Data shown:
+---+

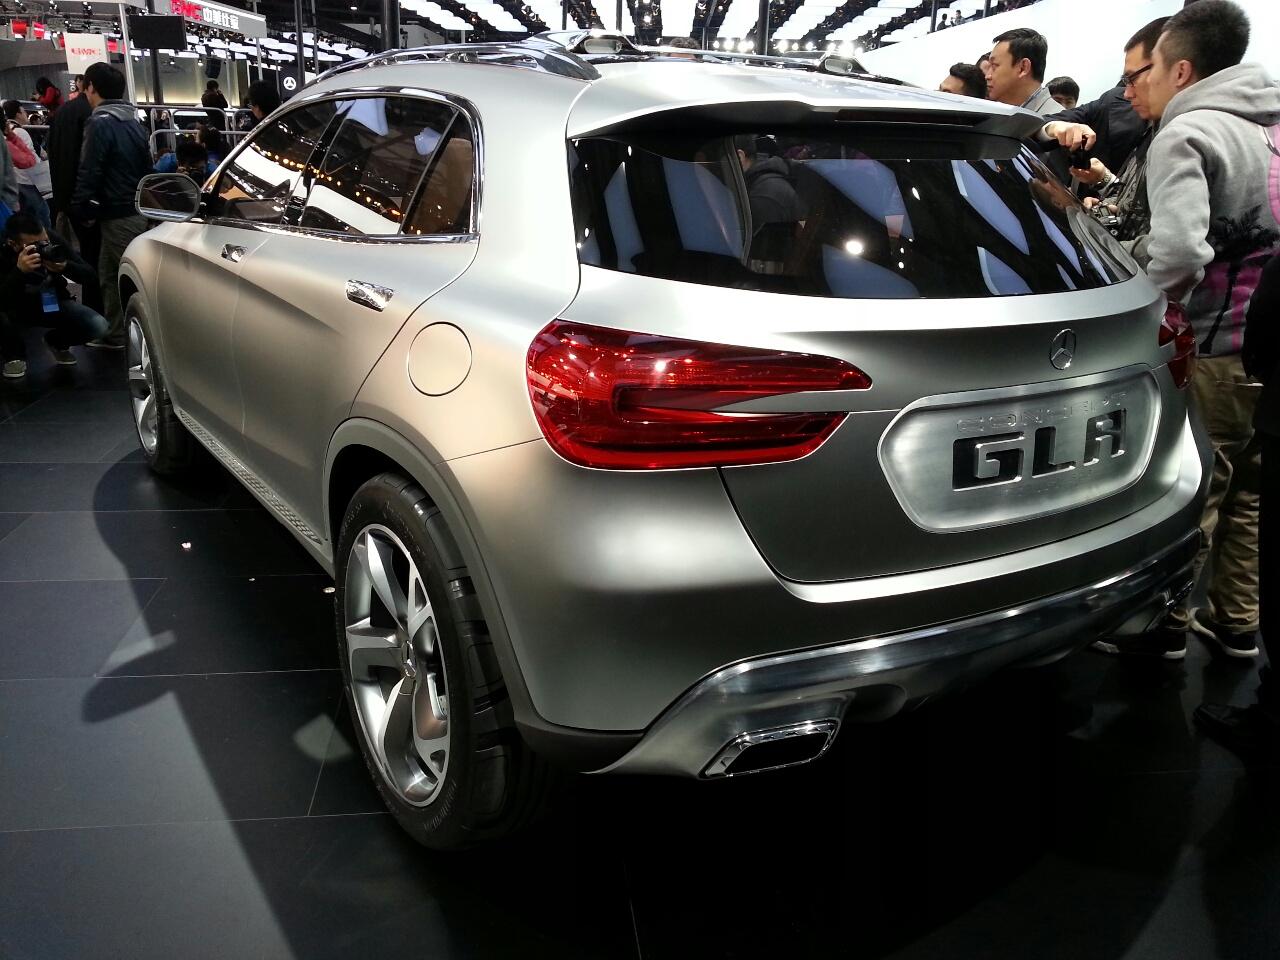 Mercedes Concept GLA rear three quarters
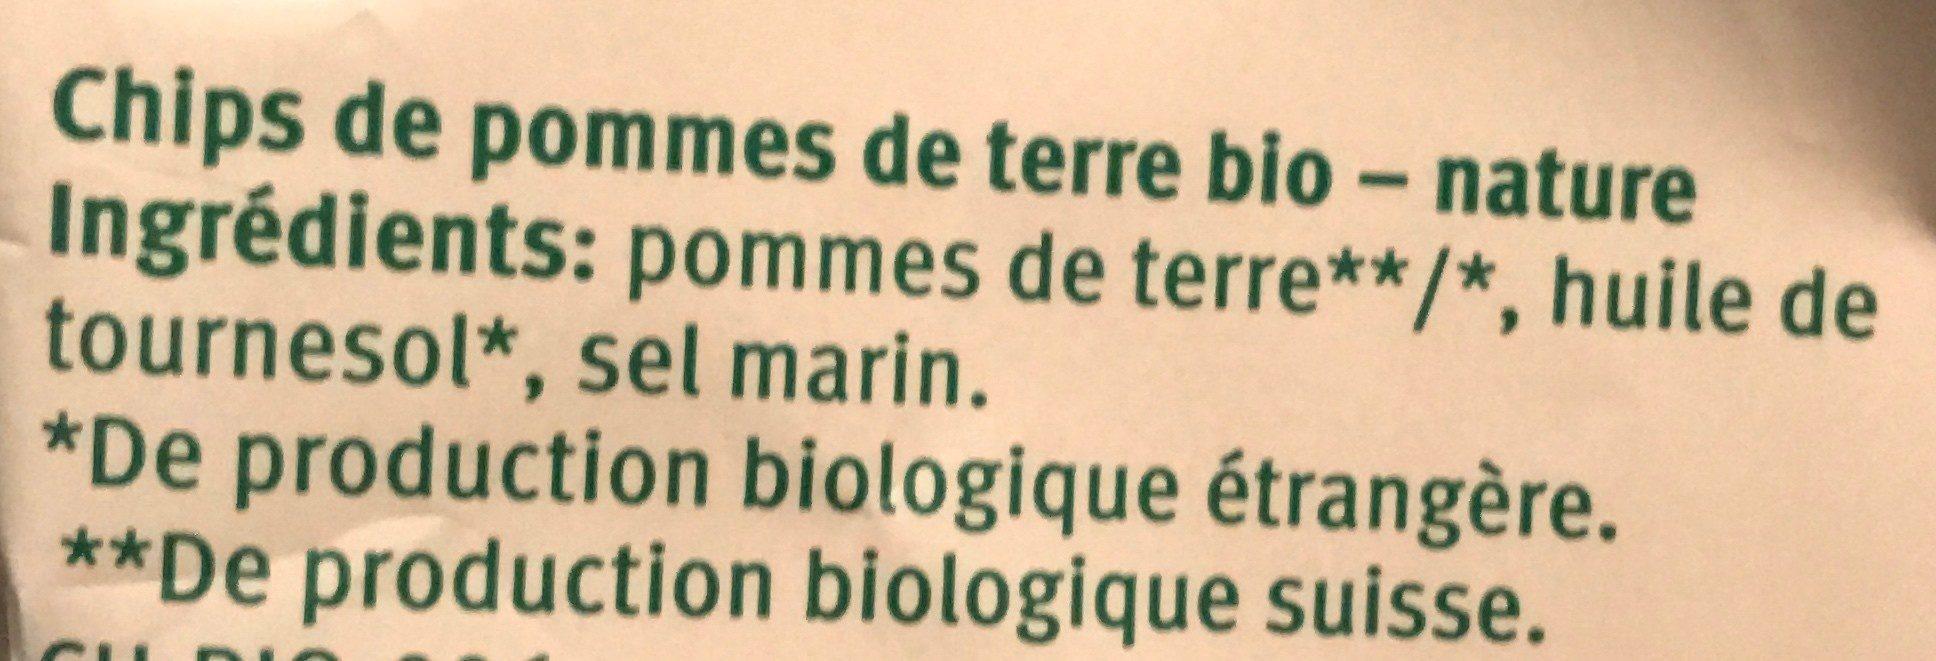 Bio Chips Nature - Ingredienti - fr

+---+

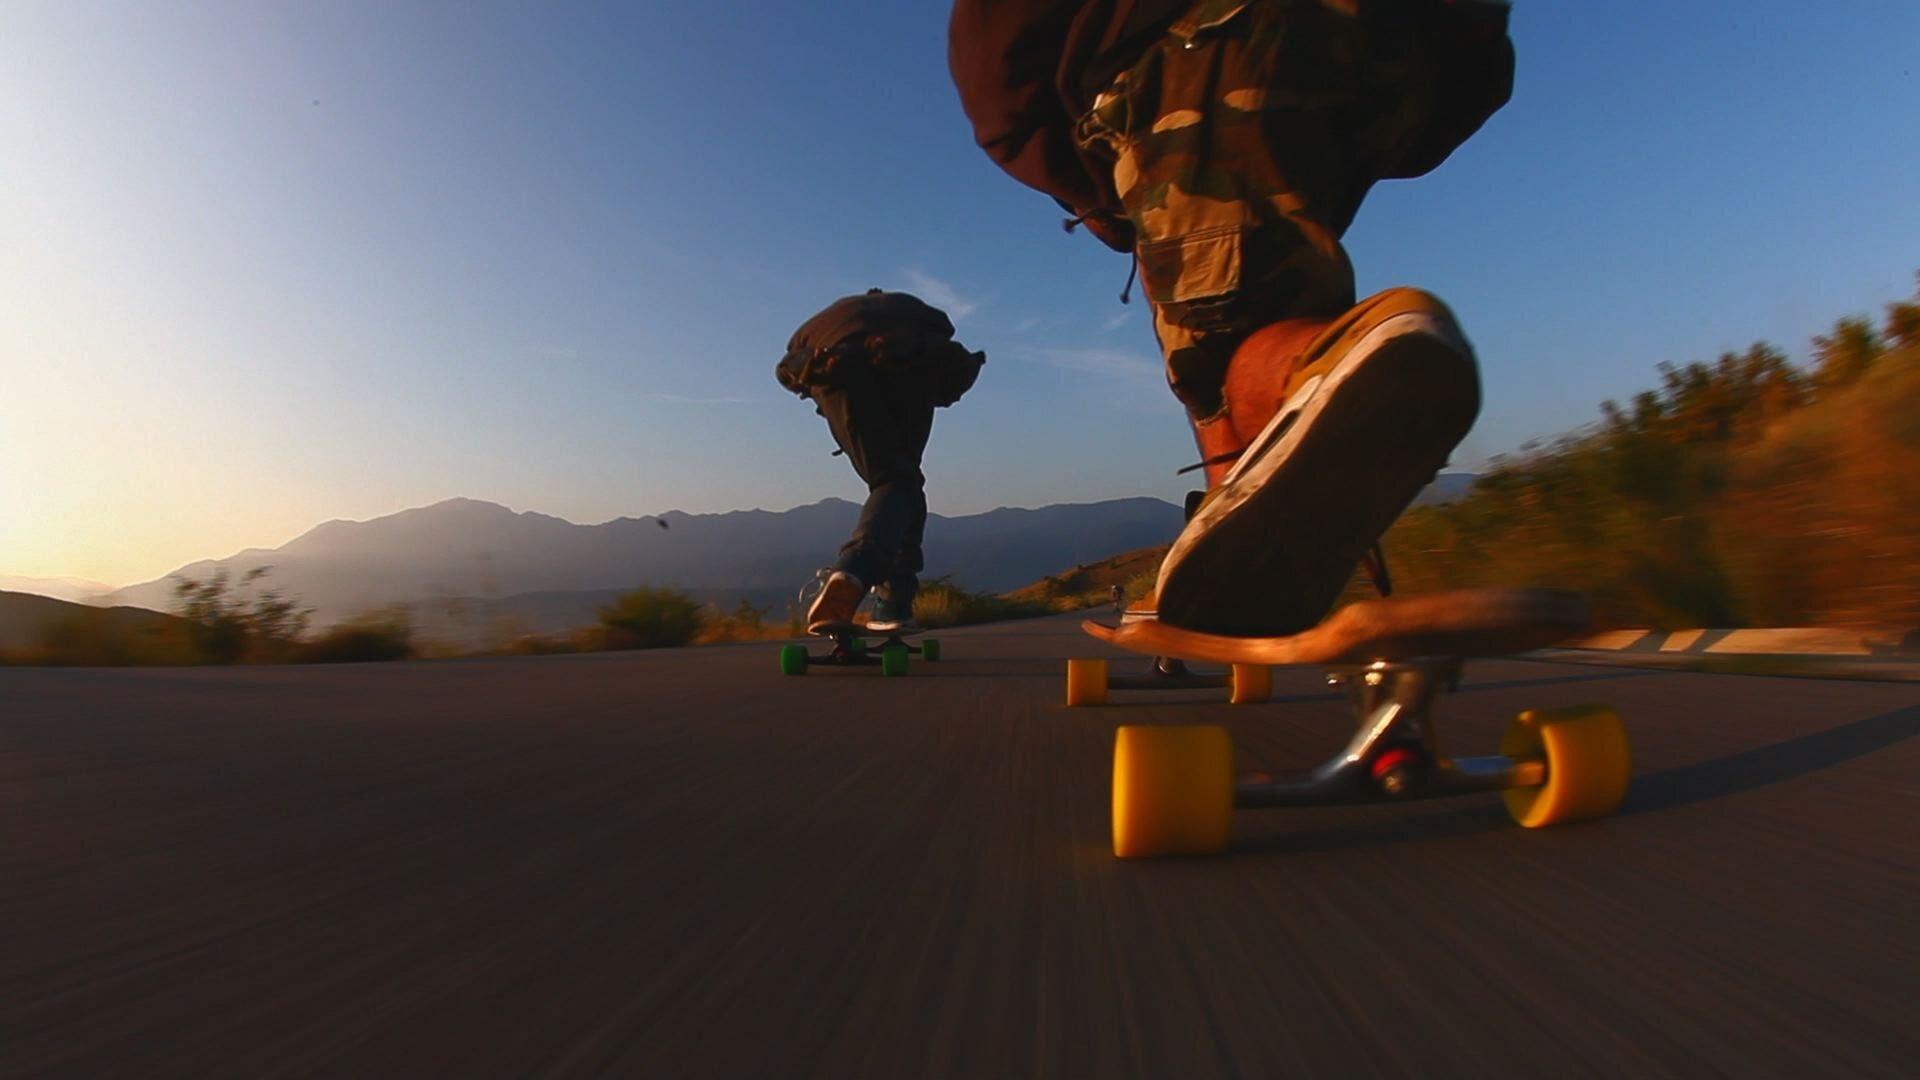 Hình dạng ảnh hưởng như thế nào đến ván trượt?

+---+

Exercise:
An exact transcription is needed of the lines from the one with "Mercedes Concept GLA rear three quarters" to the one with "Bio Chips Nature - Ingredienti - fr" above, both ends included, with pictures left out.

Response for this exercise:
 Mercedes Concept GLA rear three quarters
 Bio Chips Nature - Ingredienti - fr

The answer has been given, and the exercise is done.